Last week I got myself a TP-Link TL-WR1043ND and pressed it into service as a smart 5-port gigabit switch (with VLAN capabilities) and wireless-N bridge. It is a fine piece of hardware and unbelievably cheap. Best of all, you can install the OpenWRT linux distribution on it. OpenWRT doesn’t target the inexperienced, but it is very customizable, offers a fair amount of documentation, and the build system seems very worthy of giving it a spin.

However. I noticed I couldn’t select a wireless channel >11. That’s odd, because over here in Europe we’re allowed to use the frequencies of channel 12 and 13, too.

Here’s what dmesg told me:

cfg80211: Calling CRDA to update world regulatory domain
cfg80211: World regulatory domain updated:
    (start_freq - end_freq @ bandwidth), (max_antenna_gain, max_eirp)
    (2402000 KHz - 2472000 KHz @ 40000 KHz), (300 mBi, 2000 mBm)
    (2457000 KHz - 2482000 KHz @ 20000 KHz), (300 mBi, 2000 mBm)
    (2474000 KHz - 2494000 KHz @ 20000 KHz), (300 mBi, 2000 mBm)
    (5170000 KHz - 5250000 KHz @ 40000 KHz), (300 mBi, 2000 mBm)
    (5735000 KHz - 5835000 KHz @ 40000 KHz), (300 mBi, 2000 mBm)
ath: EEPROM regdomain: 0x0
ath: EEPROM indicates default country code should be used
ath: doing EEPROM country->regdmn map search
ath: country maps to regdmn code: 0x3a
ath: Country alpha2 being used: US
ath: Regpair used: 0x3a
phy0: Selected rate control algorithm 'ath9k_rate_control'
phy0: Atheros AR9100 MAC/BB Rev:0 AR2133 RF Rev:a2 mem=0xb80c0000, irq=2
cfg80211: Calling CRDA for country: US
cfg80211: Regulatory domain changed to country: US
    (start_freq - end_freq @ bandwidth), (max_antenna_gain, max_eirp)
    (2402000 KHz - 2472000 KHz @ 40000 KHz), (300 mBi, 2700 mBm)
    (5170000 KHz - 5250000 KHz @ 40000 KHz), (300 mBi, 1700 mBm)
    (5250000 KHz - 5330000 KHz @ 40000 KHz), (300 mBi, 2000 mBm)
    (5490000 KHz - 5600000 KHz @ 40000 KHz), (300 mBi, 2000 mBm)
    (5650000 KHz - 5710000 KHz @ 40000 KHz), (300 mBi, 2000 mBm)
    (5735000 KHz - 5835000 KHz @ 40000 KHz), (300 mBi, 3000 mBm)

So why does the system think I am in the US? And how can I tell it that I’m actually in the Netherlands?
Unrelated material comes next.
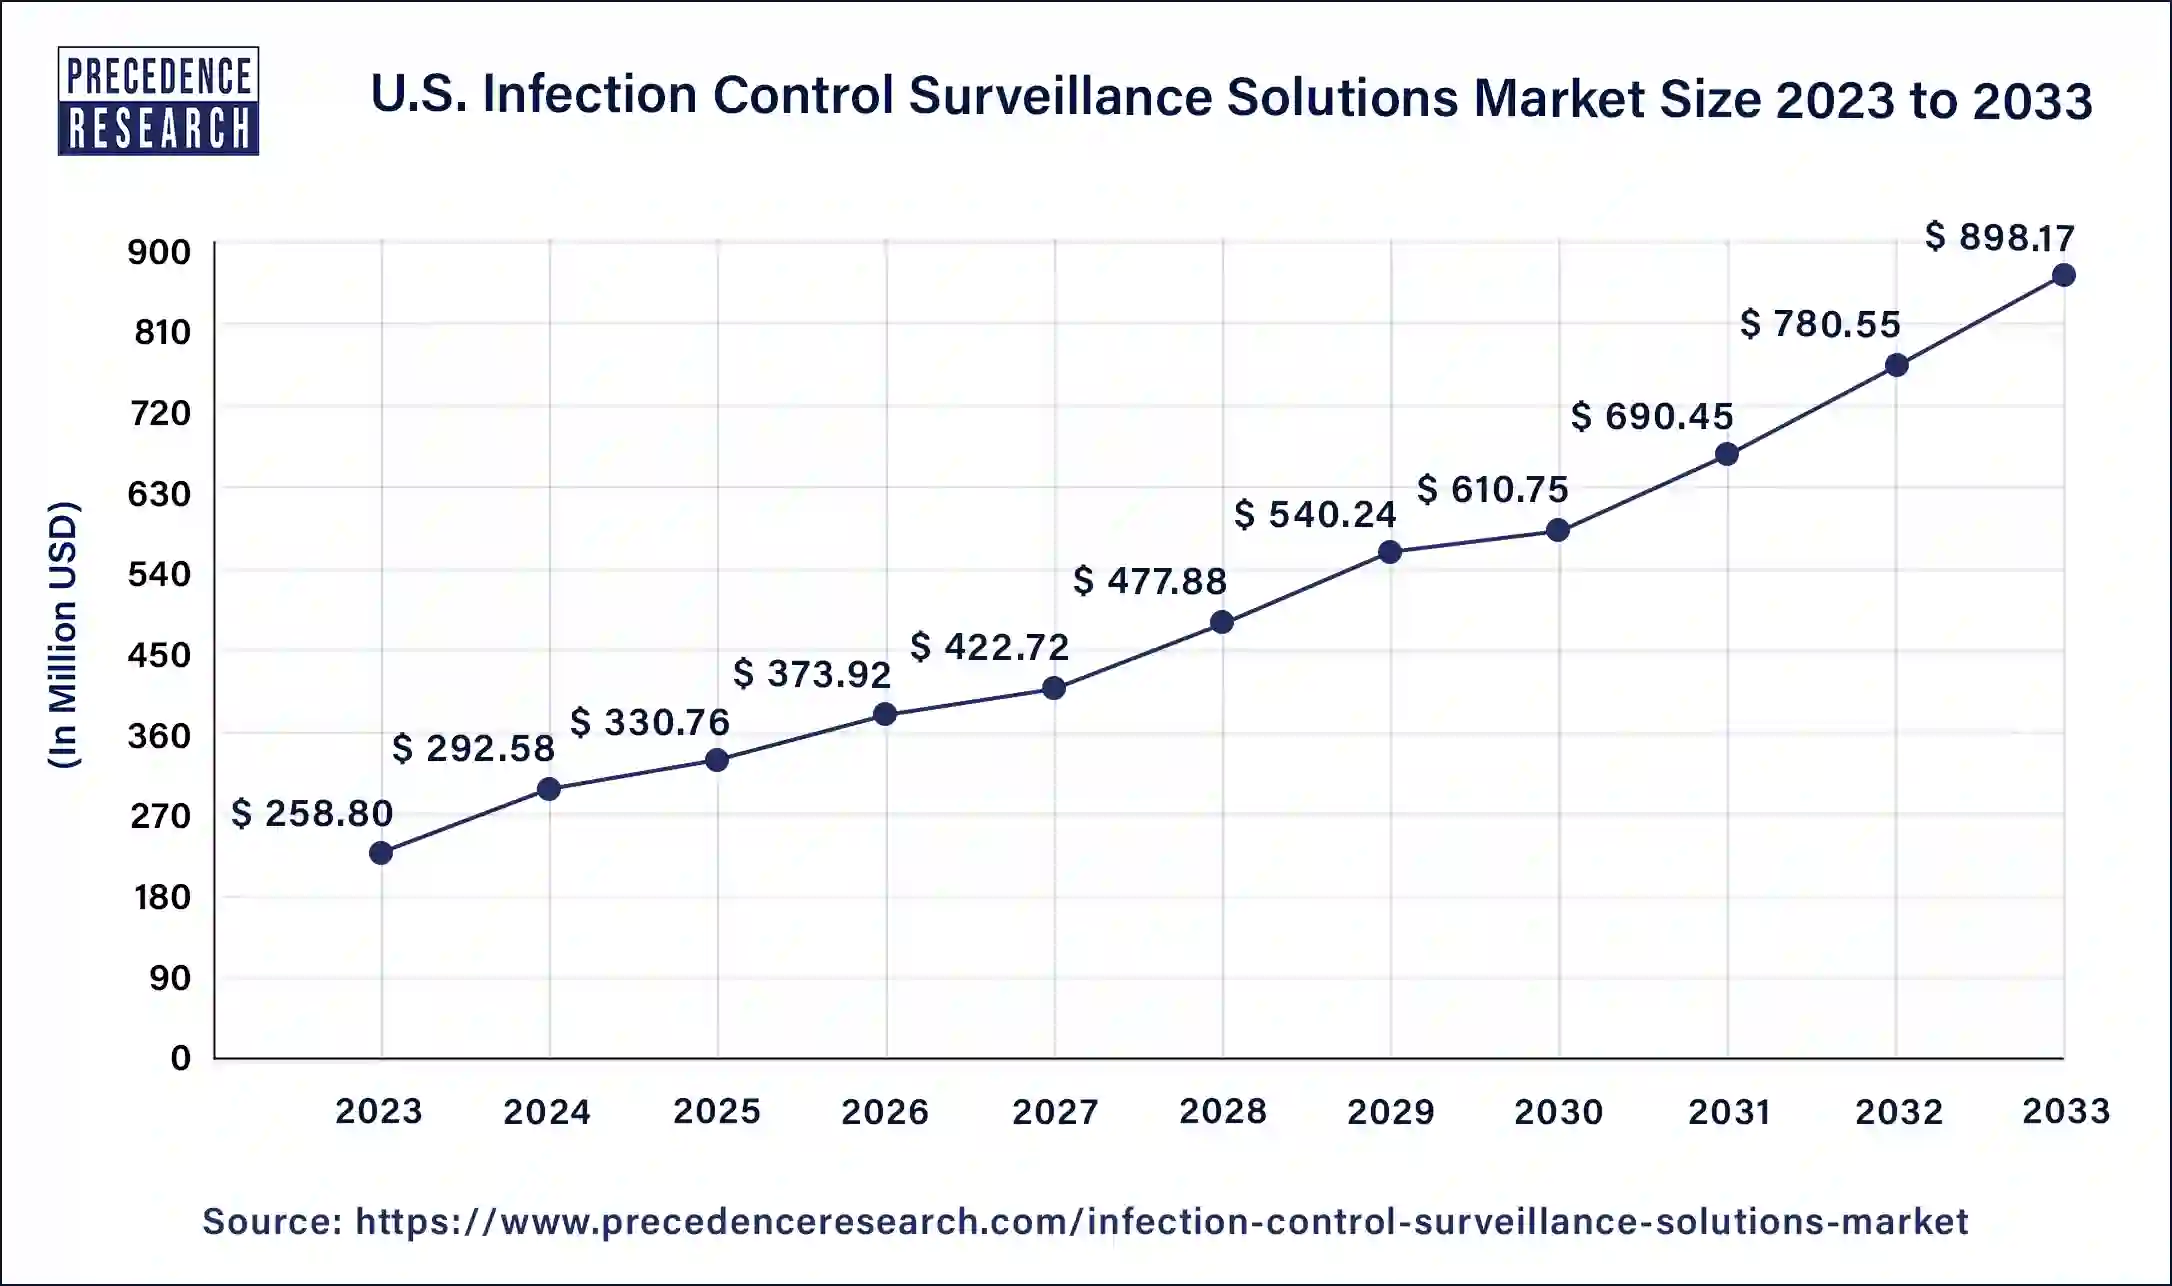 U.S. Infection Control Surveillance Solutions Market Size 2024 to 2033

At first glance, it should be as easy as iw reg set NL. Result:

cfg80211: Calling CRDA for country: NL
cfg80211: Regulatory domain changed to country: NL
    (start_freq - end_freq @ bandwidth), (max_antenna_gain, max_eirp)
    (2402000 KHz - 2482000 KHz @ 40000 KHz), (N/A, 2000 mBm)
    (5170000 KHz - 5250000 KHz @ 40000 KHz), (N/A, 2000 mBm)
    (5250000 KHz - 5330000 KHz @ 40000 KHz), (N/A, 2000 mBm)
    (5490000 KHz - 5710000 KHz @ 40000 KHz), (N/A, 2700 mBm)

Looks about right, doesn’t it? Because 2482000 > 2472000. 2472 KHz is the upper bound of the 22 KHz wide channel 11. Likewise, 2482 KHz is the upper bound of channel 13. So am I all good for channel 13 now? Turns out I am not. iwlist wlan0 channel says:

wlan0     11 channels in total; available frequencies :
          Channel 01 : 2.412 GHz
          Channel 02 : 2.417 GHz
          Channel 03 : 2.422 GHz
          Channel 04 : 2.427 GHz
          Channel 05 : 2.432 GHz
          Channel 06 : 2.437 GHz
          Channel 07 : 2.442 GHz
          Channel 08 : 2.447 GHz
          Channel 09 : 2.452 GHz
          Channel 10 : 2.457 GHz
          Channel 11 : 2.462 GHz
          Current Frequency=2.452 GHz (Channel 9)

The wherefore and the why. And the how.

No channel 13. Wut? I found this informative mailing list post detailing what’s happening here. Basically, the kernel first loads the rules for the ‘world’ domain. On planet Earth, no countries exist that allow you to go beyond these frequencies (for domestic wifi). But many countries have additional restrictions. In Japan, you can use channel 14, in Europe you can’t. You can use 12 and 13 though, which in the US you can’t.
The kernel (well, the “ath” driver) then proceeds to look for any hints from the hardware. In my case the value burned into the hardware EEPROM is 0×0. That’s a value, which, per the Atheros specs, should map to the US. The kernel calls a userspace program crda to get the list of allowed frequencies and signal strenghts for the US.
After this has been done, you can do iw reg set FOO until you drop but you wont be able to go beyond the limits set previously.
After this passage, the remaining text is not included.